Images should be omitted while the rest of the data is duplicated exactly.
Start of Provided material
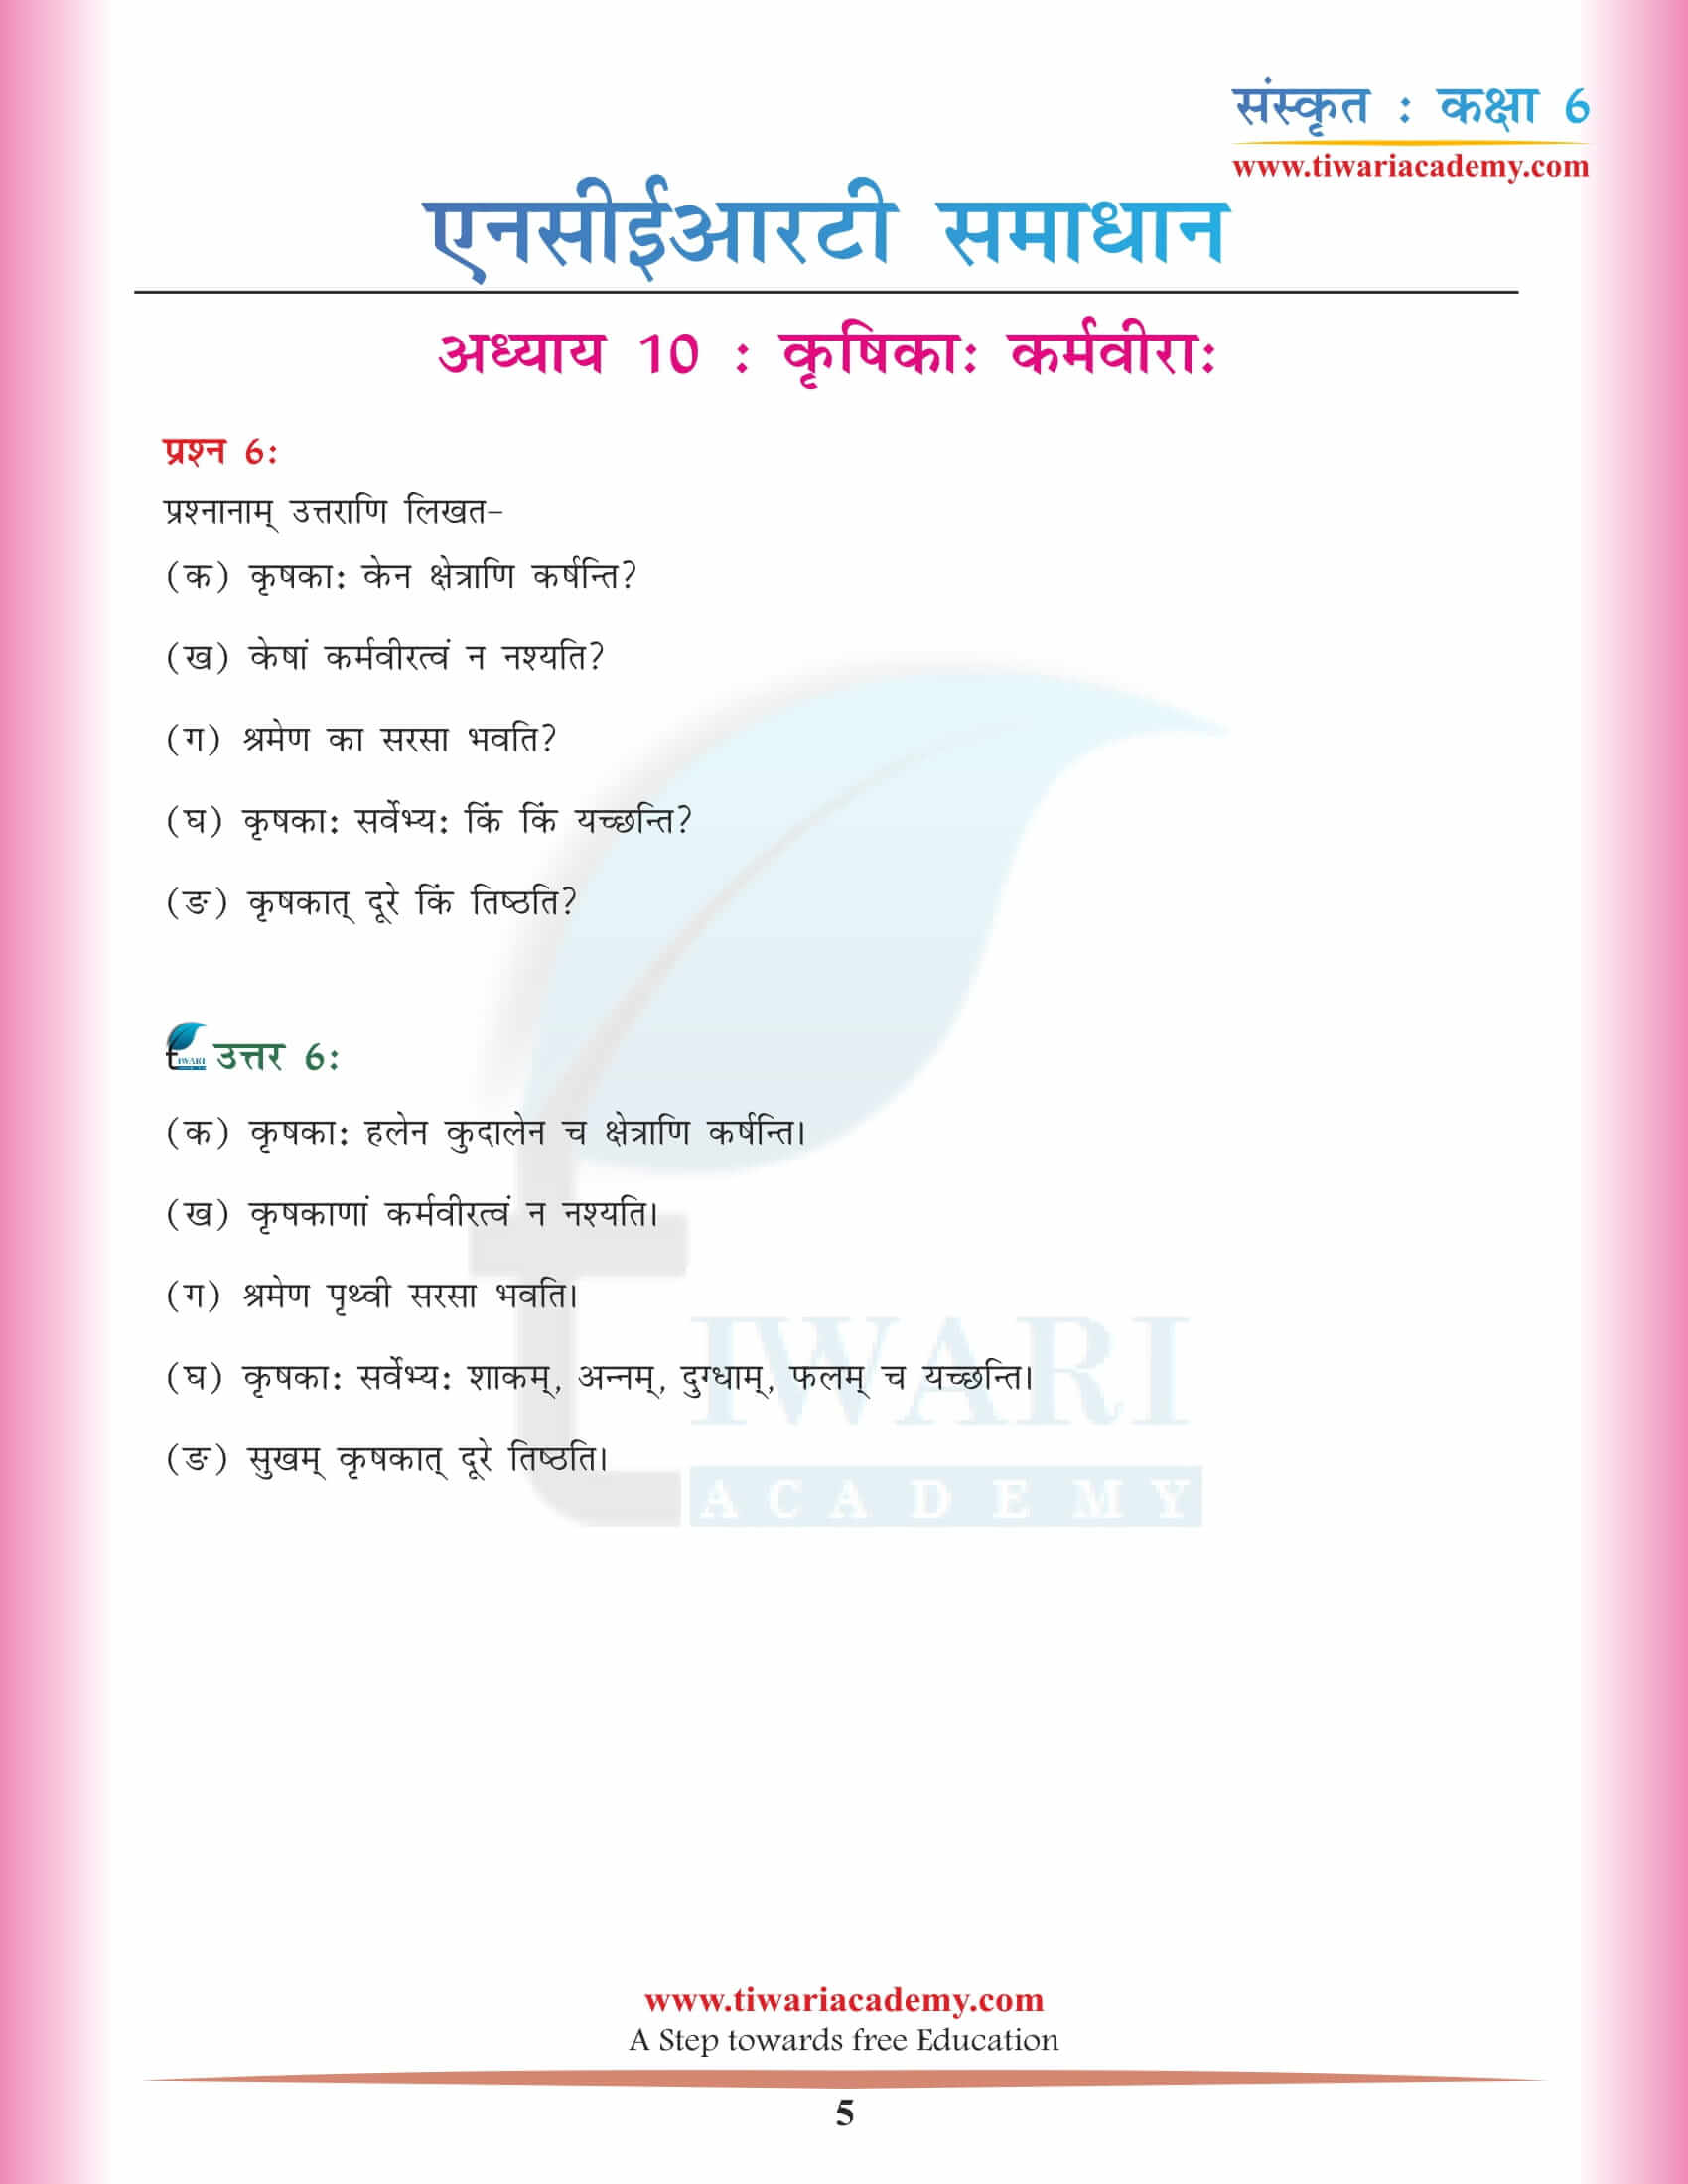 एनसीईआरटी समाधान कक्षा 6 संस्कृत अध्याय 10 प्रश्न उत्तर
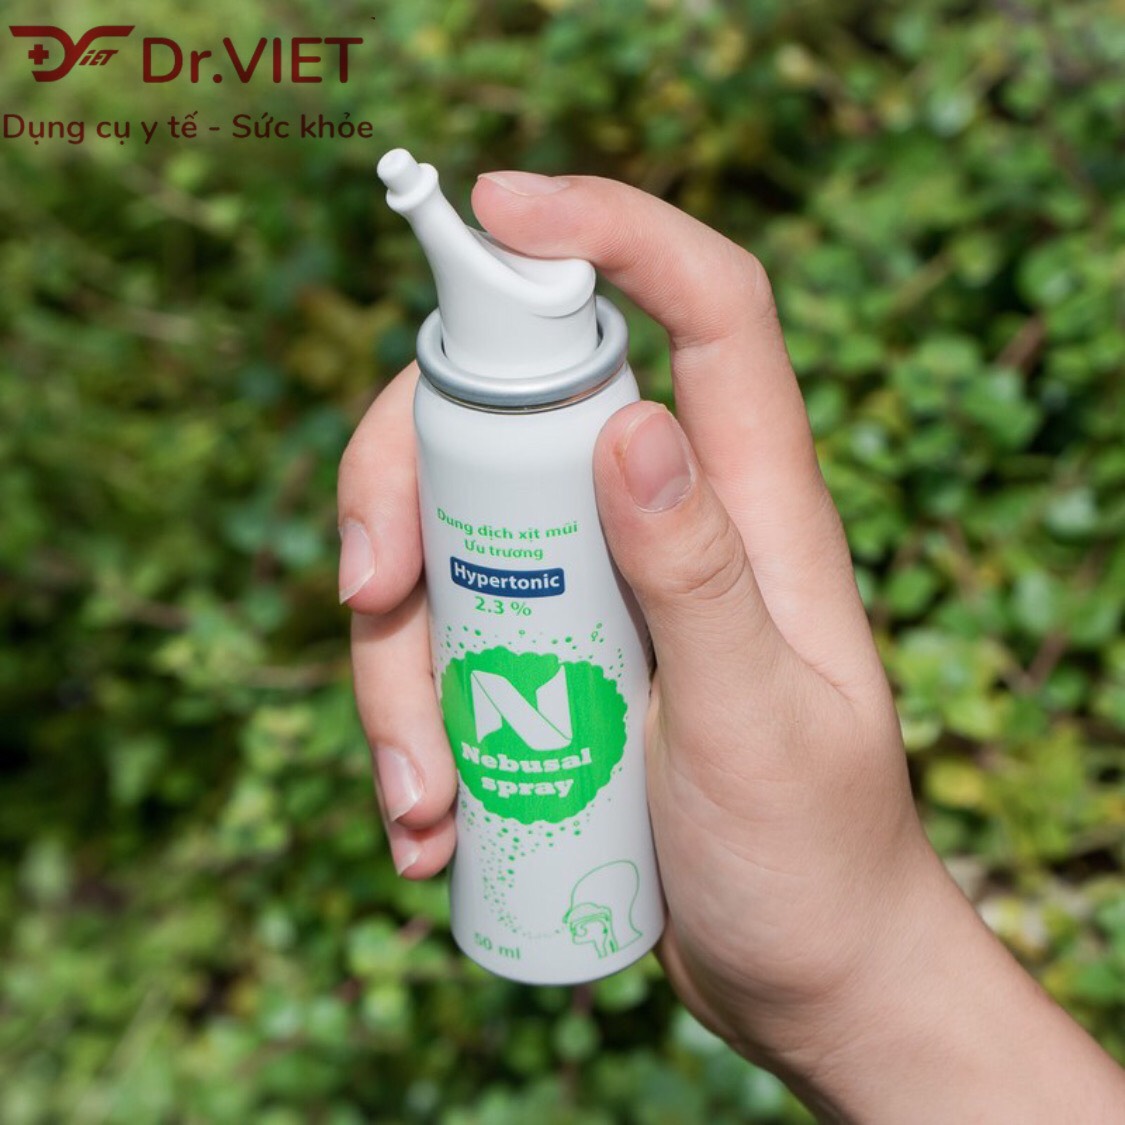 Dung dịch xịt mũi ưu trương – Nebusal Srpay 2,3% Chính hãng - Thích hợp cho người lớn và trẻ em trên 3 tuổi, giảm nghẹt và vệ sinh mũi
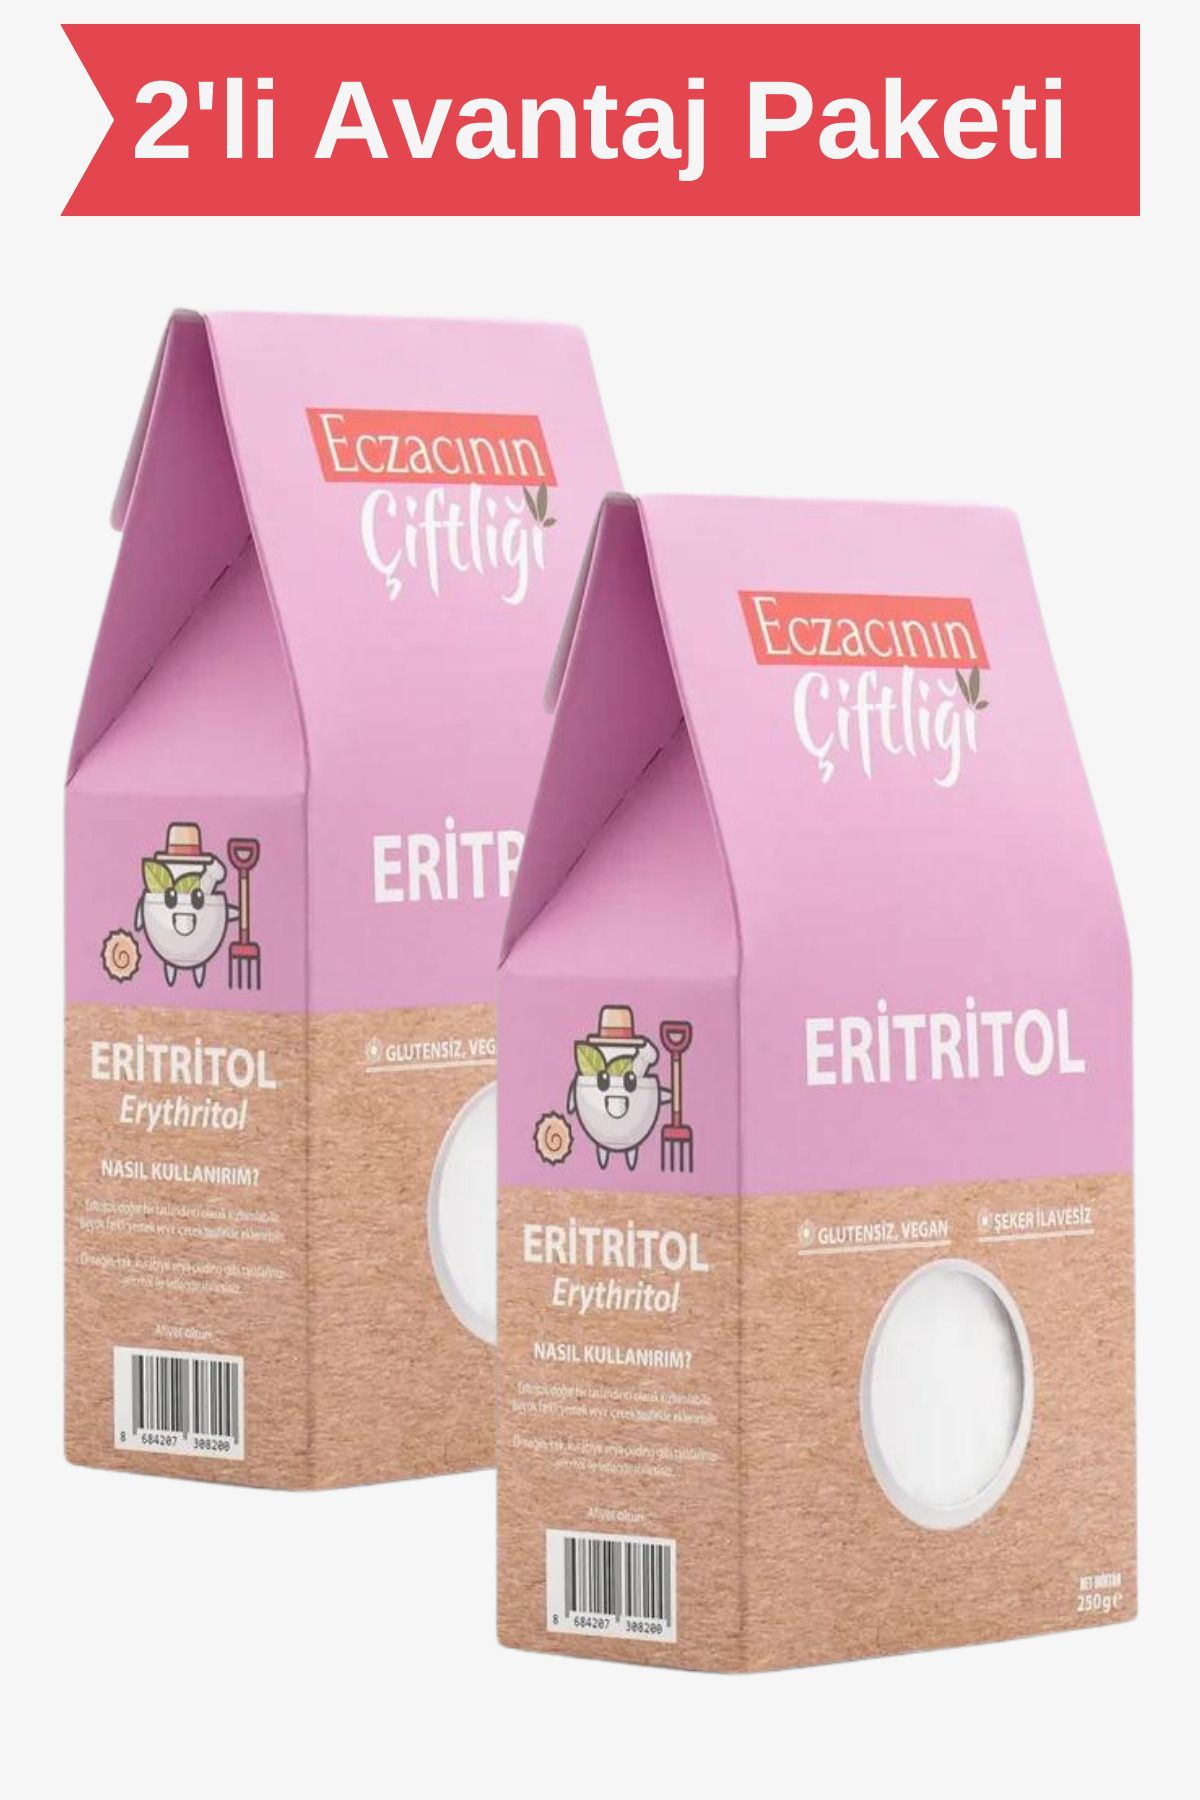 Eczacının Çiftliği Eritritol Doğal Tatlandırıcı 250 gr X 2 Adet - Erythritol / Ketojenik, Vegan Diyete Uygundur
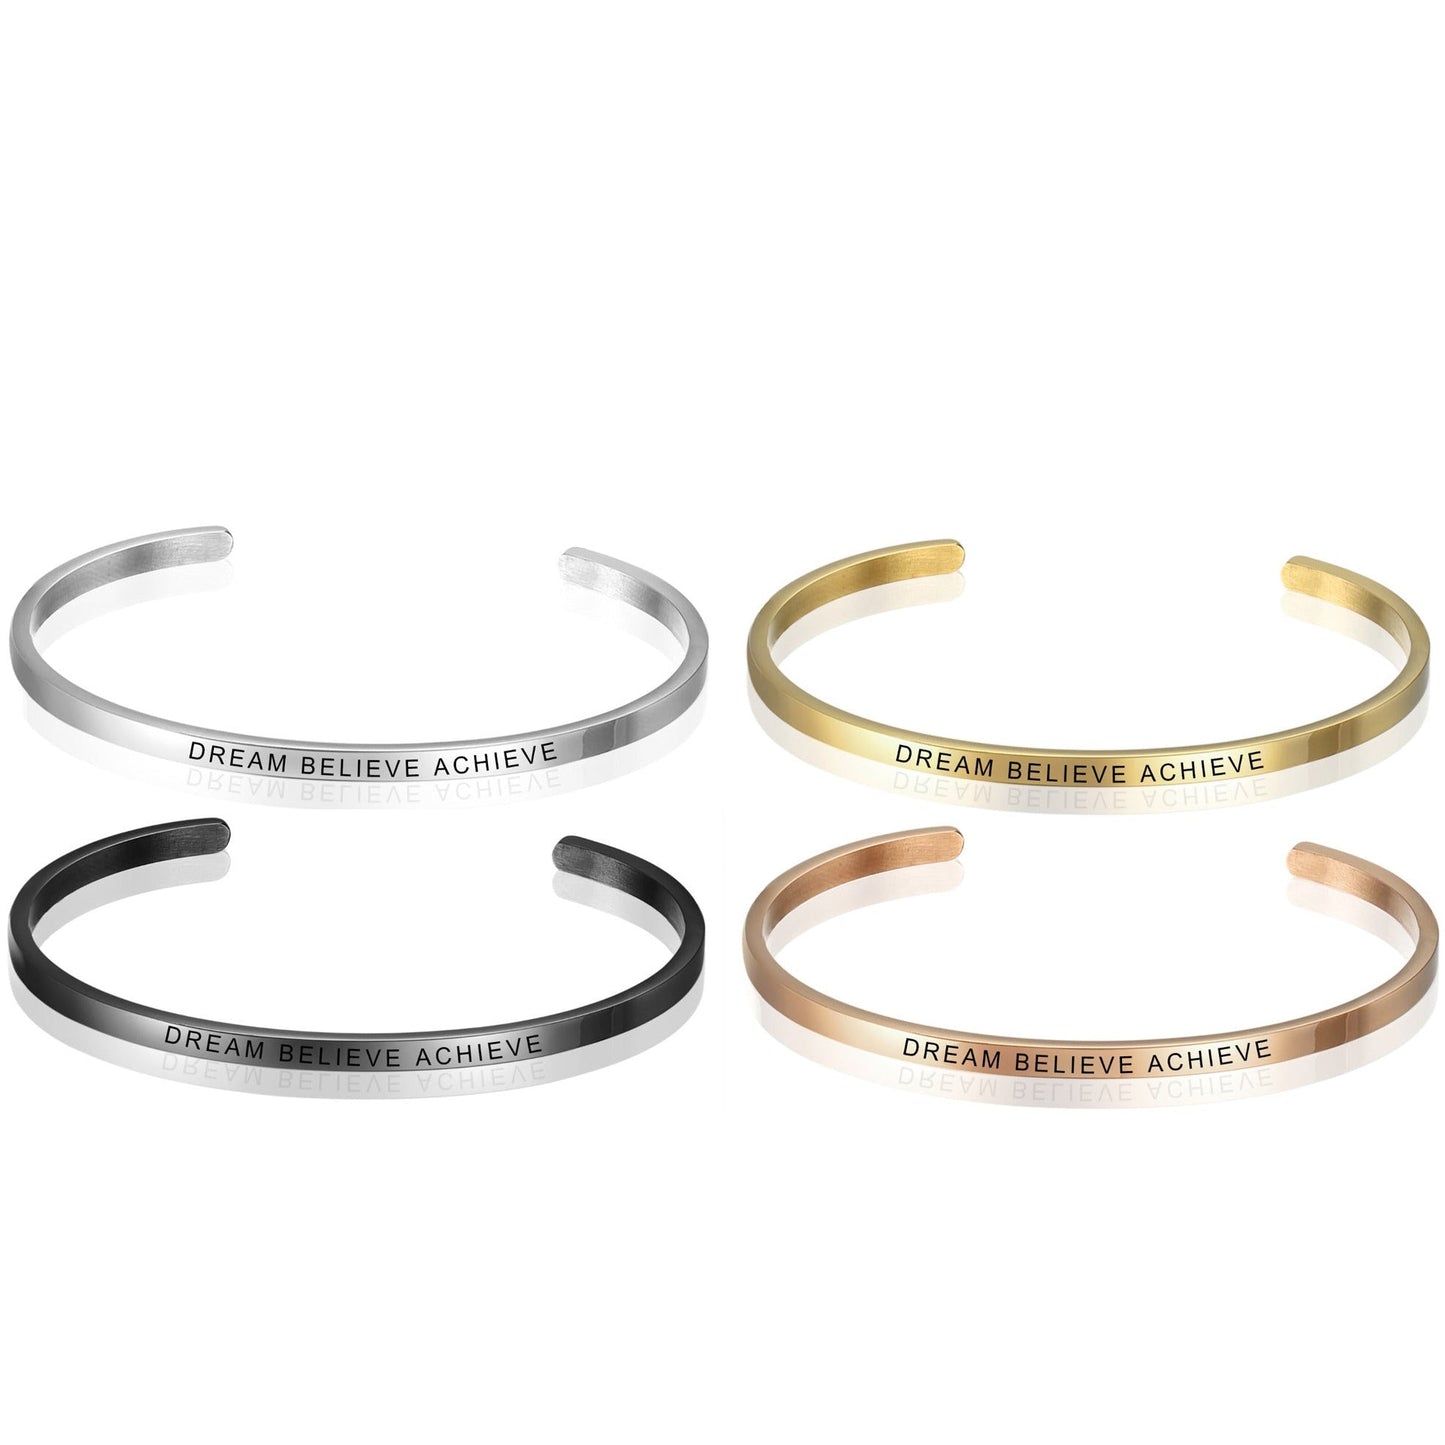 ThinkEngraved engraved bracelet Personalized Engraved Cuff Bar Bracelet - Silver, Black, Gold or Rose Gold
End of Provided material
Response to this exercise:
 एनसीईआरटी समाधान कक्षा 6 संस्कृत अध्याय 10 प्रश्न उत्तर
 Dung dịch xịt mũi ưu trương – Nebusal Srpay 2,3% Chính hãng - Thích hợp cho người lớn và trẻ em trên 3 tuổi, giảm nghẹt và vệ sinh mũi
 Eczacının Çiftliği Eritritol Doğal Tatlandırıcı 250 gr X 2 Adet - Erythritol / Ketojenik, Vegan Diyete Uygundur
 ThinkEngraved engraved bracelet Personalized Engraved Cuff Bar Bracelet - Silver, Black, Gold or Rose Gold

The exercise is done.